At the start of this thread I pointed out some serious problems with
the change proposed in XCU ERN 10 and expressed the opinion that
mandating "accurate" c_nlink values (in relation to the files in the
archive) as it does would be "madness". David Korn responded with "I
completely agree with Geoff Clare that mandating accurate c_nlink
values in the archive is madness." None of the other contributors to
the thread disagreed. (Note that when Paul Eggert said "if the
filesystem is not being changed while pax is running, then the link
counts should be accurate" he was not using "accurate" in the same
sense as David and me - he was referring to use of the file's st_nlink
value.)
I assumed that this would mean the end of that proposed change. I think
the other participants in the thread made the same assumption, as it
was not mentioned again - the discussion concentrated instead on finding
a viable alternative.
Now, against all expectation, it as been reaffirmed.

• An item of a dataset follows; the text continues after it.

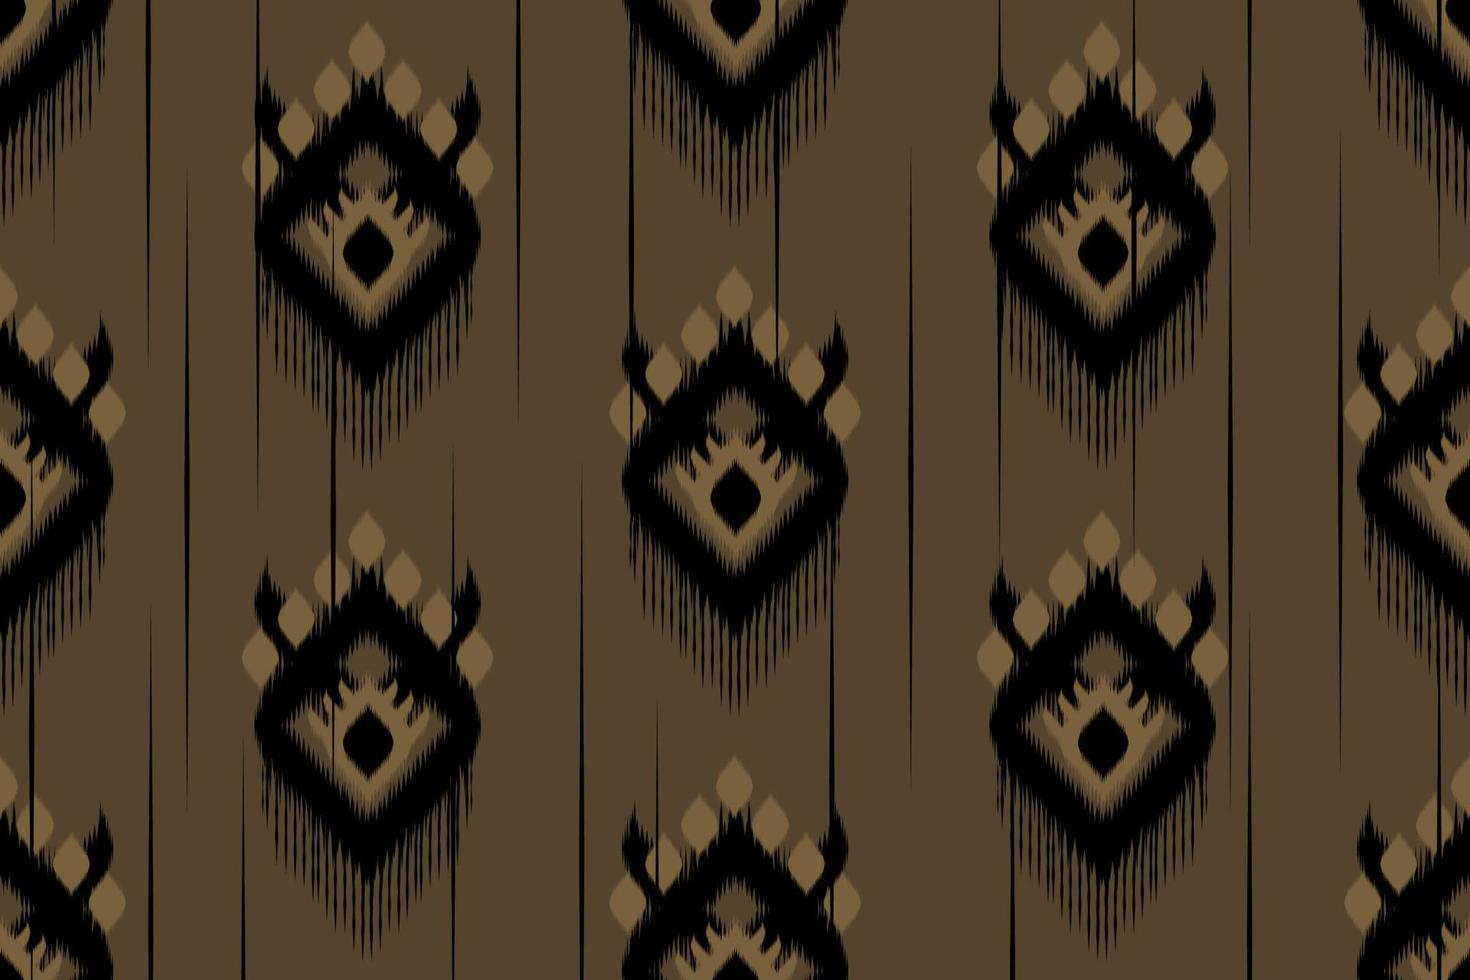 ikat brun oriental. motif géométrique sans couture ethnique traditionnel. style tribal rayé. conception pour le fond, l'illustration, le tissu, le batik, les vêtements, l'emballage, le papier peint, le tapis, la broderie vecteur

The latest
minutes say:
ERN 10 A/M
This was revisited and additional rationale added as to why this
approach is being taken.
The change in the wording for c_nlink for TC/XXX/XXX was chosen to allow
old archivers to process archives created to conform to this standard.
Other proposals to date would (a) either break compatibility
or (b) require pax to maintain extra state for files that it
does not not need to do so.
Of these reasons one is lame, and the other is plain wrong.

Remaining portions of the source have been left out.